NAME                                  CPU(cores)   MEMORY(bytes)
argocd-application-controller-0       846m         449Mi
argocd-application-controller-1       6m           46Mi

Controller-0 was sweating at 846m CPU. Controller-1 was literally chilling at 6m - doing absolutely nothing 🙂 All 148 apps were being reconciled by a single pod.

I checked the logs:

time="..." level=info msg="Cluster https://kubernetes.default.svc has been assigned to shard 0"

Shard 0. Everything on shard 0. Controller-1 had zero clusters assigned.

As a temporary fix, I bumped the CPU limits for controller-0 - but that's just a bandaid 🩹, not a solution. You're throwing more resources at a pod that shouldn't be doing all the work alone.

Why This Happens

Here's the thing most people (including me) don't realise at first:

ArgoCD shards by cluster, not by application.

If you have 10 clusters and 2 controller replicas, each controller gets ~5 clusters. Beautiful.

But if you have 1 cluster and 2 controller replicas? That single cluster goes to one shard, and the other controller sits idle. Doesn't matter if you have 10 apps or 10,000 apps -- all of them go through one controller because they all point to the same cluster.

Adding more replicas? Useless. I tried. Went from 2 to 3 replicas. The third pod also sat idle. It's not a scaling problem - it's an architectural one.

Asking Around

I posted on the ArgoCD Slack channel, explained the situation. The general consensus was:

"Your only recourse would be to scale up"

Fair enough. But we're a banking environment - we don't spin up clusters for fun. We have one non-prod cluster, one prod cluster, and that's it. Regulatory compliance, cost, operational overhead - all the usual reasons.

So I went digging.

The ExternalName Trick!

After a lot of reading through ArgoCD source code, GitHub issues, and blog posts, I stumbled upon something interesting.

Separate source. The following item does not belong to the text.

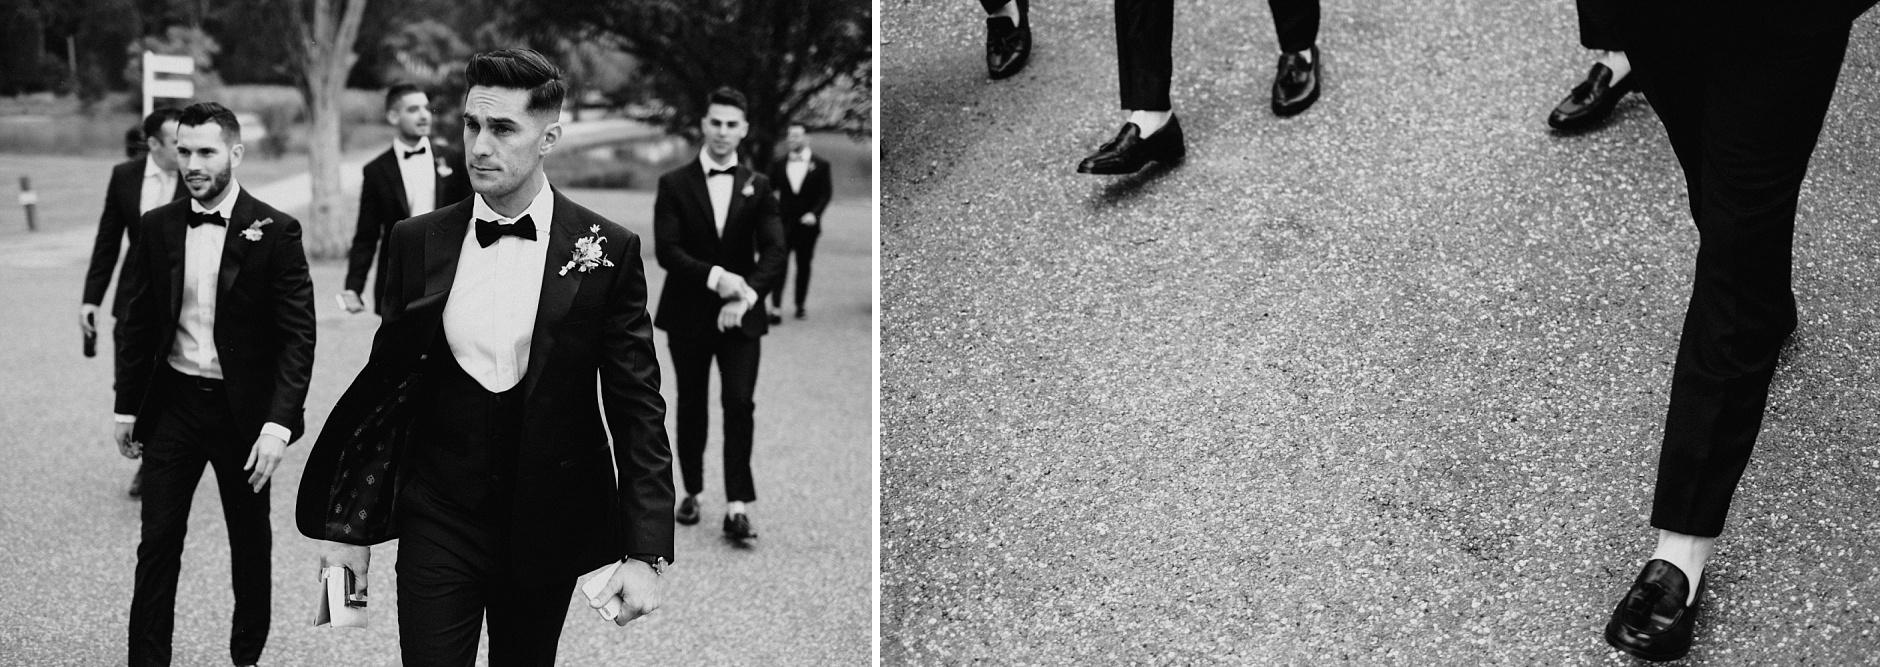 cassandra&cameron0286ab_Peppers-Creek-Wedding.jpg

What if we could fake multiple clusters?

In Kubernetes, there's a service type called ExternalName. It's basically a DNS alias - it resolves to whatever hostname you point it to. So if I create an ExternalName service that points back to kubernetes.default.svc.cluster.local (which is just the local API server), ArgoCD would see it as a "different" cluster.

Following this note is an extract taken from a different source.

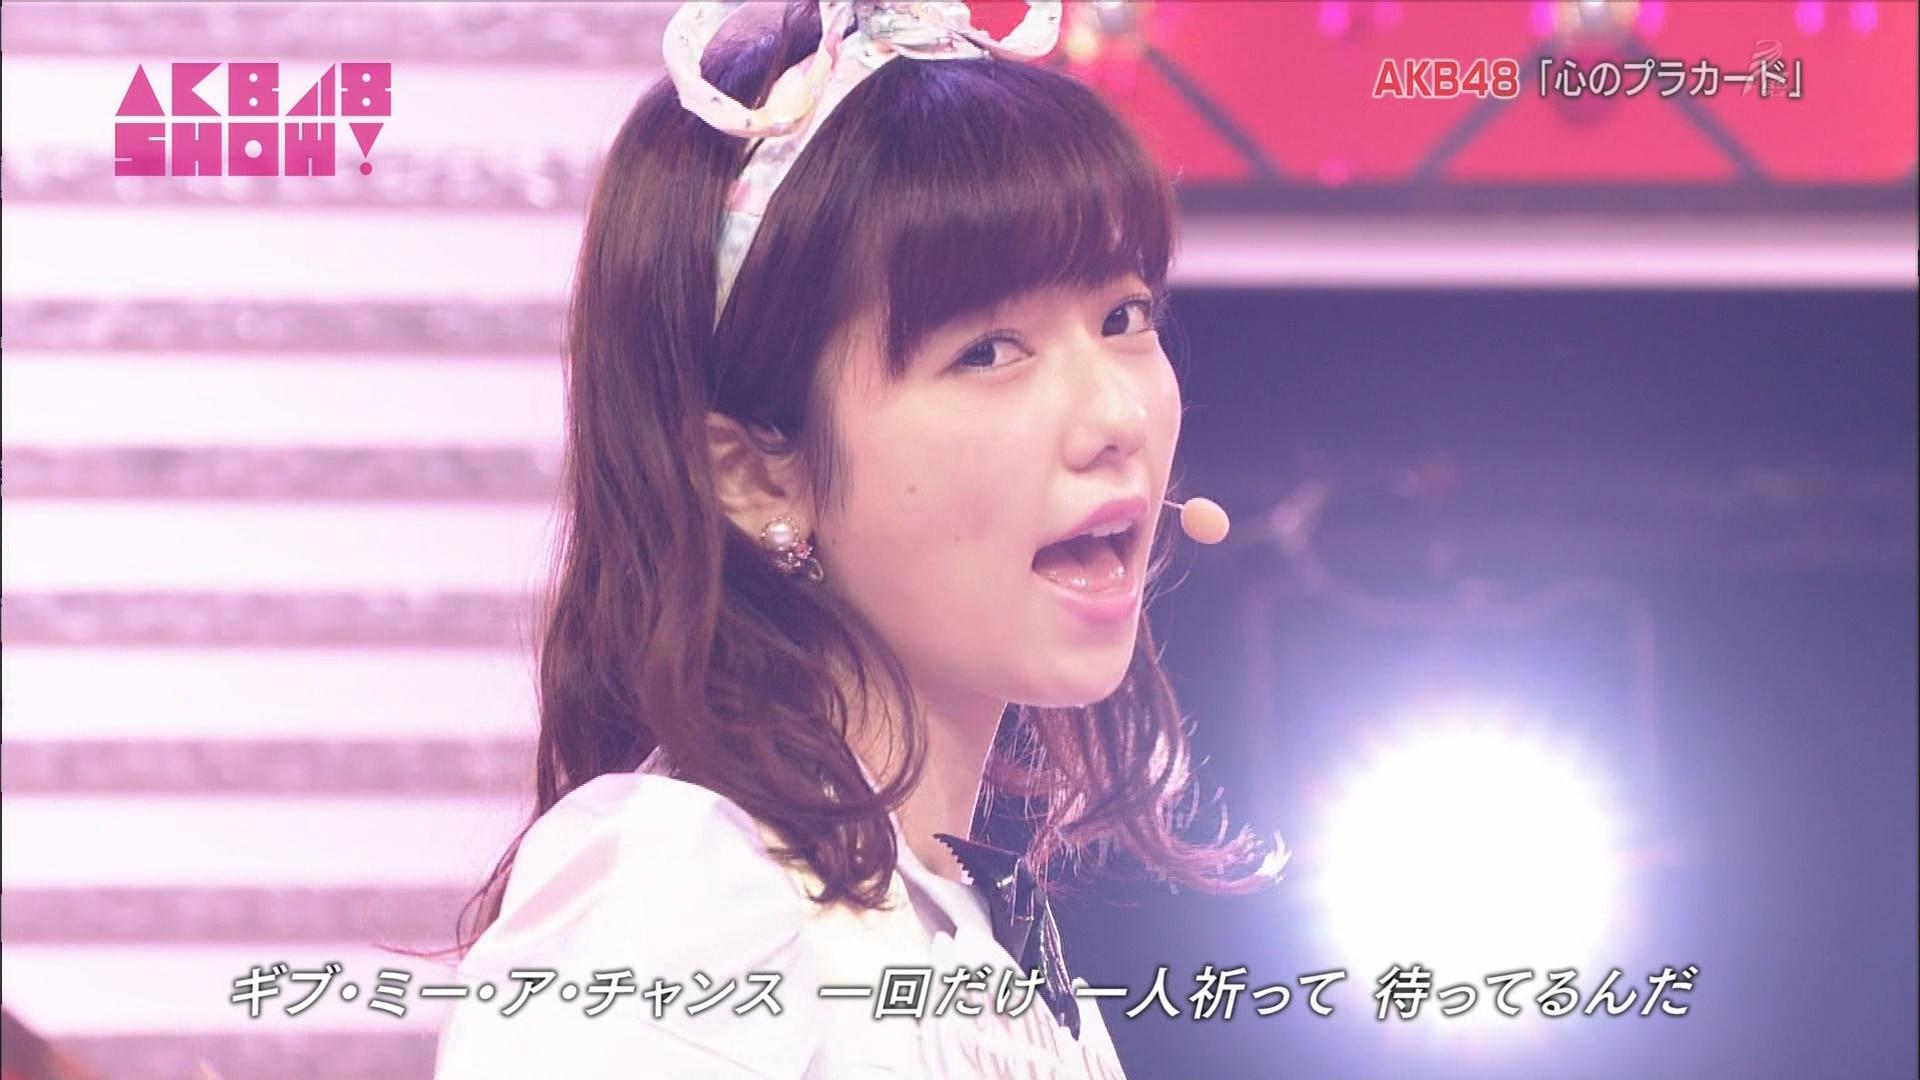 AKB48SHOW 心のプラカード 島崎遥香 20140830 (4)

Same API server. Same cluster. But ArgoCD thinks it's managing two separate clusters.

Here's what I did, step by step.

Step 1: Create Fake Clusters (ExternalName Services)

apiVersion: v1
kind: Service
metadata:
  name: argocd-cluster-00
  namespace: argocd-system
spec:
  type: ExternalName
  externalName: kubernetes.default.svc.cluster.local
---
apiVersion: v1
kind: Service
metadata:
  name: argocd-cluster-01
  namespace: argocd-system
spec:
  type: ExternalName
  externalName: kubernetes.default.svc.cluster.local

Both services point to the same place. But they have different DNS names:

  • argocd-cluster-00.argocd-system.svc.cluster.local

  • argocd-cluster-01.argocd-system.svc.cluster.local

Step 2: Create a Non-Expiring Service Account Token

ArgoCD needs a bearer token to talk to "external" clusters (anything that's not the built-in https://kubernetes.default.svc). Since these fake clusters are still the same API server, we can reuse the controller's own service account:

apiVersion: v1
kind: Secret
metadata:
  name: argocd-controller-token
  namespace: argocd-system
  annotations:
    kubernetes.io/service-account.name: argocd-application-controller
type: kubernetes.io/service-account-token

Why not kubectl create token? I tried that first, but the cluster had a 24-hour max token duration. In a banking setup, you don't want your sharding to break every morning because a token expired. The old-style SA secret gives you a non-expiring token.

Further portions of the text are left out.